Plenty. I took the gift and, on the curb by the plaza, sprinkled a dusting of yeast into the bottle. It came to life overnight. I reached out my tent flap in the morning and unscrewed the cap. It hissed as compressed CO2 exploded outward. It was alive! First, there had been juice—and in a week, there would be sugarcane “wine.” I tended the bottle through many rigorous days, of bus travel and shuttling luggage into hotel rooms and cycling over high passes with the bottle strapped to my pannier. Every few hours for days I gingerly loosened the cap to release the accumulating CO2, the telltale byproduct of sugar-to-ethanol fermentation (methanol, the dangerous form of alcohol that infamously makes people blind or kills them cannot be produced through fermentation). Finally, after five days, I lost my patience. The bottle had been falling off my bike every few hours for two days as I bumped along the dirt road between Cuenca and Santiago de Mendez, in the low Amazon basin. The juice was still fermenting, but I was ready to drink. I gave the bottle an hour in my hotel room so that the mucky sediments could settle to the bottom, then drank. The stuff was a grapefruit yellow now, with a bready, yeasty smell and a flavor reminiscent of raw, green cane juice but less sweet and with the obvious bite of alcohol. I had done it—connected the dots and found the missing link. Or, that is, I had made it myself.
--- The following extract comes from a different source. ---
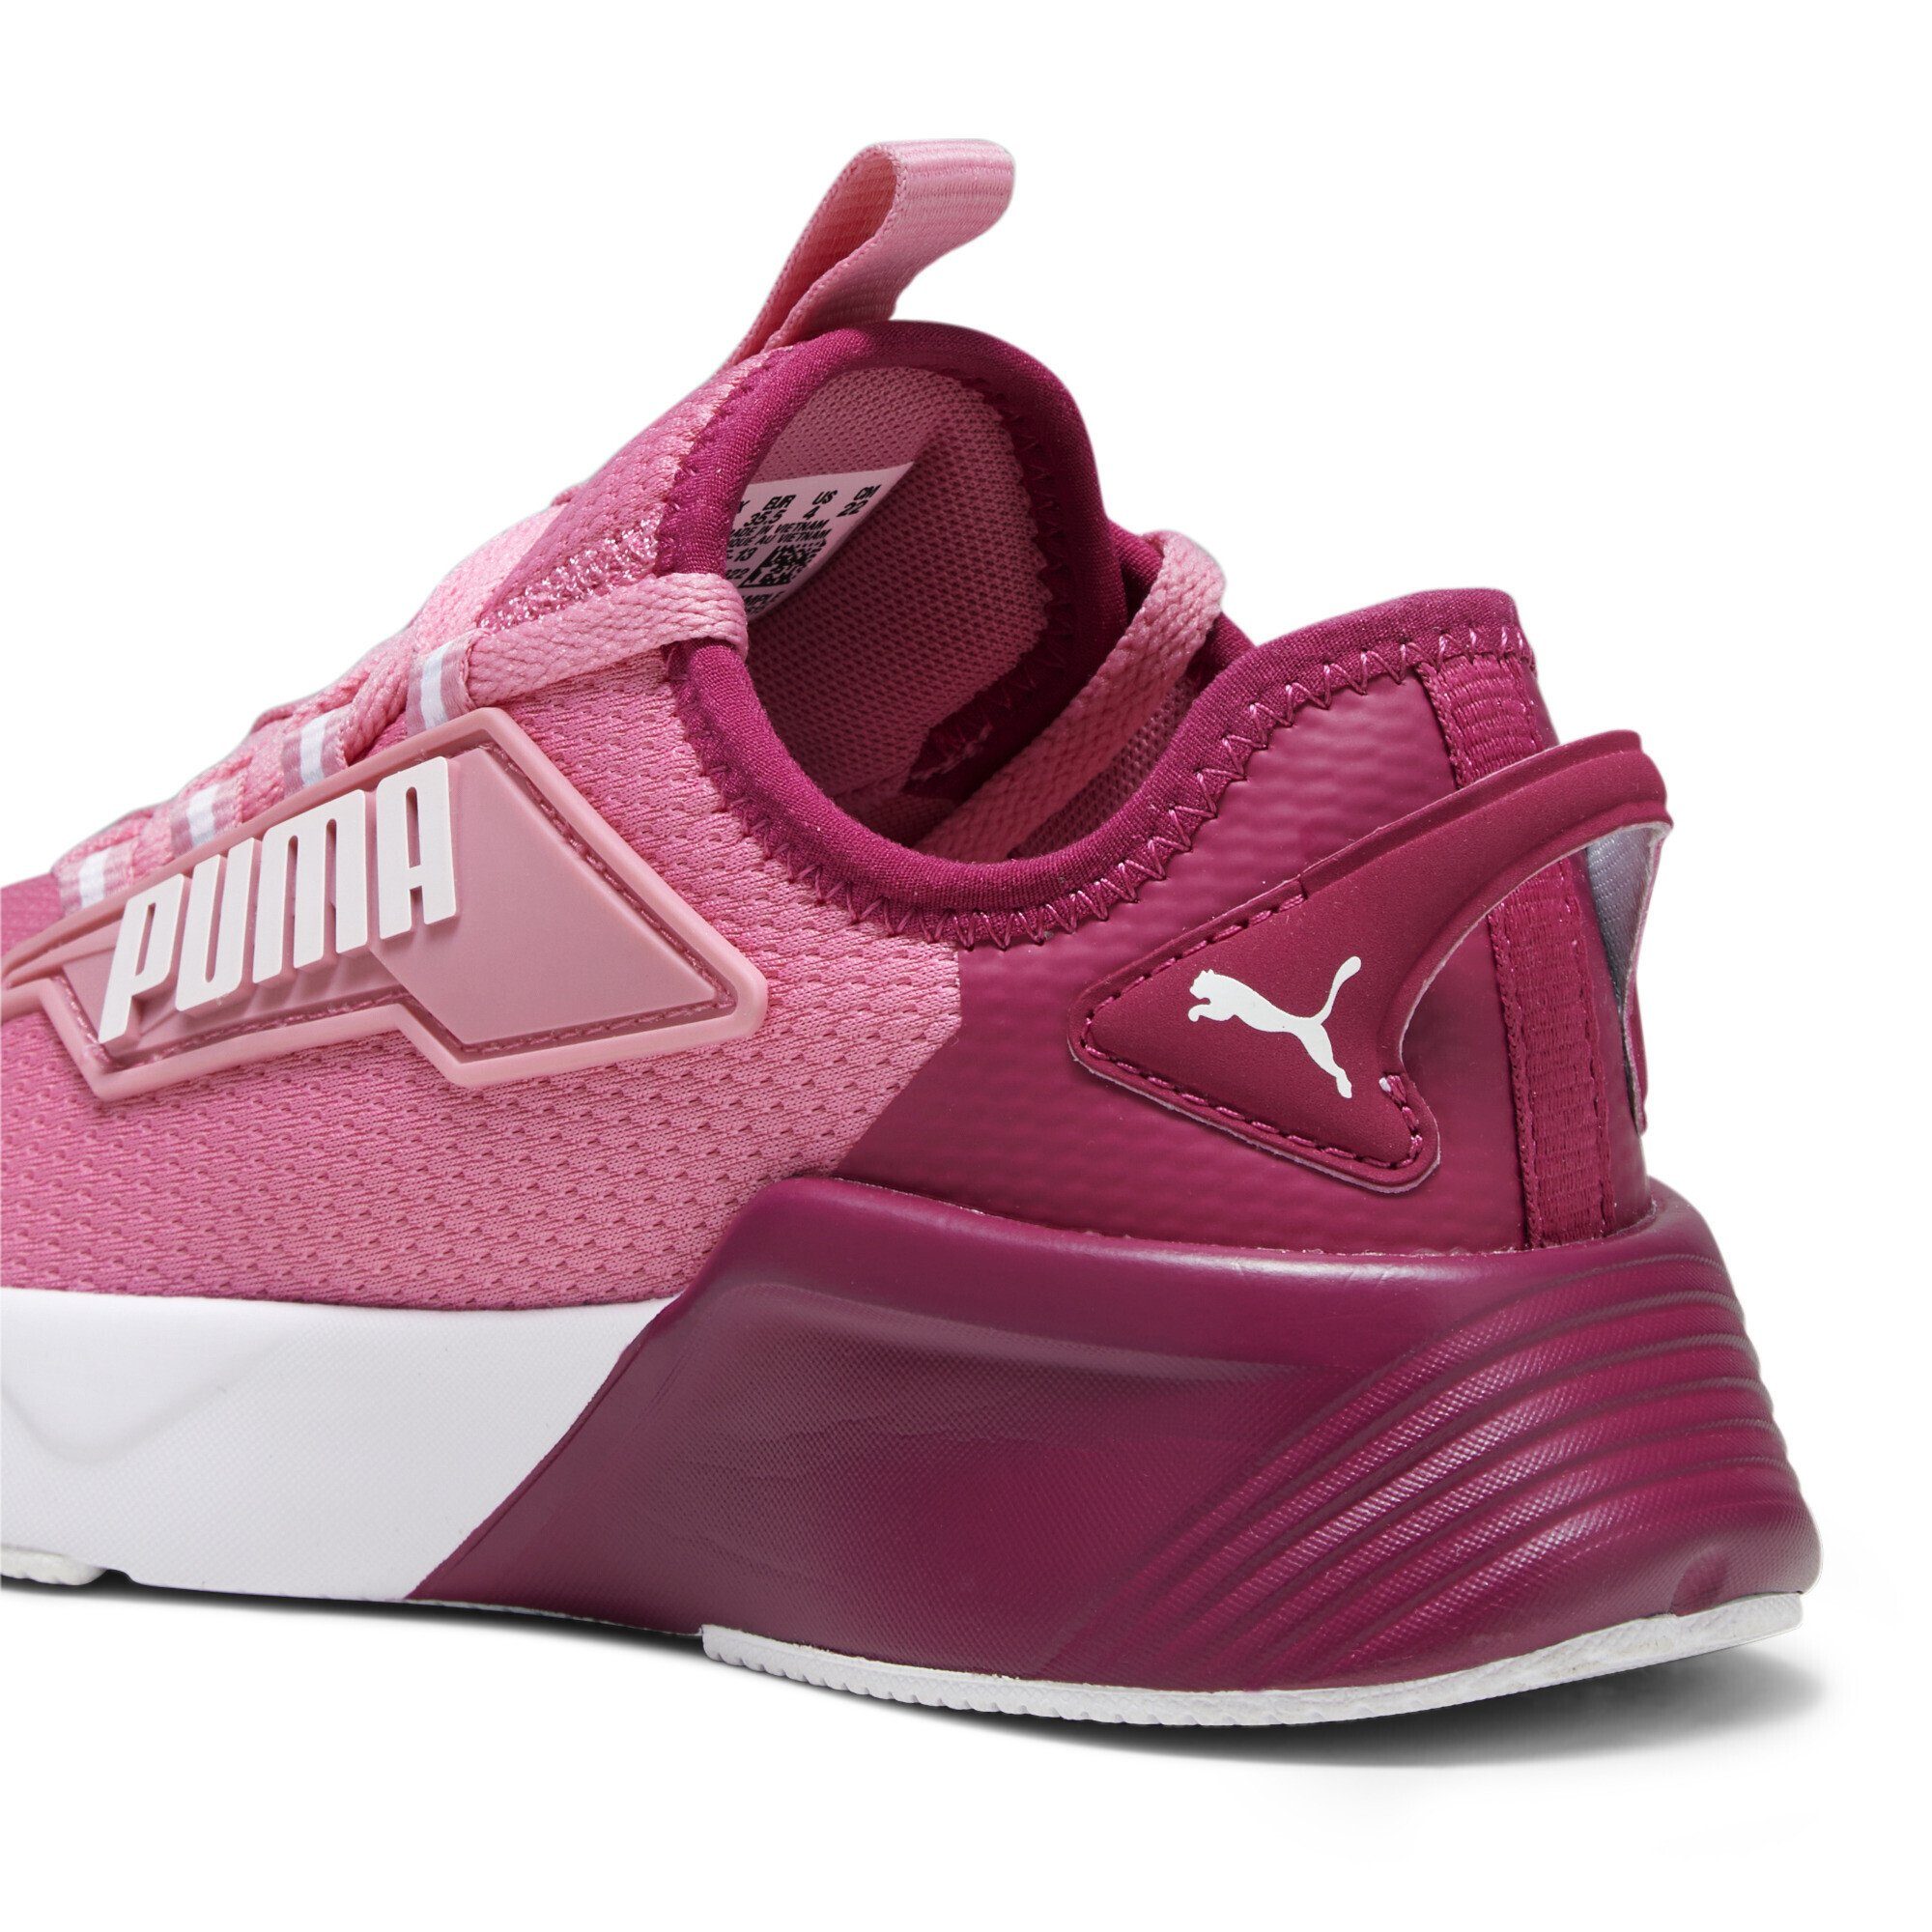 Burst Jugendliche Pinktastic 2 PUMA Laufschuh Pink Retaliate White Strawberry Sneakers

The author discusses fermentation techniques with brewmaster Pedro Molina outside his brewpub, La Compania Microcervezeria, in Cuenca. Photo by Nathan Resnick.
Quick Cane Trivia
- Sugarcane is native to Southeast Asia.
- Consisting of several species, sugarcane is generally a tropical plant but is grown in Spain, some 37 degrees from the Equator.
- Sugarcane yields more calories per land surface area than any other crop.
- Sugarcane first arrived in the New World with Christopher Columbus on his second voyage across the Atlantic, when he sailed to the West Indies in 1493.

From left to right, five different products derived from sugarcane: fresh juice, juice fermenting with baker’s yeast, chicha de hongos tibicos, cane vinegar and punta, or distilled cane alcohol. Photo by Alastair Bland.
Other Local Wines to Taste in Ecuador
If you should visit Vilcabamba and have any interest in wine and fermentation, spend 20 minutes in a small store and tasting bar called Vinos y Licores Vilcabamba. The shop specializes in locally made fruit wines—including grape, blackberry and papaya. The shop also sells liquors made using cane alcohol and a variety of products, like peach and cacao. Most of the wines here are sweet or semi-sweet—and you can put up with that, go in, meet owner Alonzo Reyes and enjoy a tasting. He may even take you to the rear of the facility and show you the fermenting tanks, containing more than 5,000 liters of wines, as well as the cellar, where scores of three- and five-gallon glass jugs contain maturing wines.

Alonzo Reyes, owner of Vinos y Licores Vilcabamba, stands among his many jugs of fruit wines maturing in a small storage space. Photo by Alastair Bland.
The Name of a Dog
I must concede that I spoke a few days too soon in last week’s post about troublesome dogs in Ecuador and the owners that sometimes neglect them. I joked about the unlikelihood that a scruffy street mutt down here might be named Rex, Fido or Max. Well, 11 kilometers south of Sucua on the Amazonian Highway E-45, a dog came trotting out to meet me in the road. Its owners called it back. Its name? Max.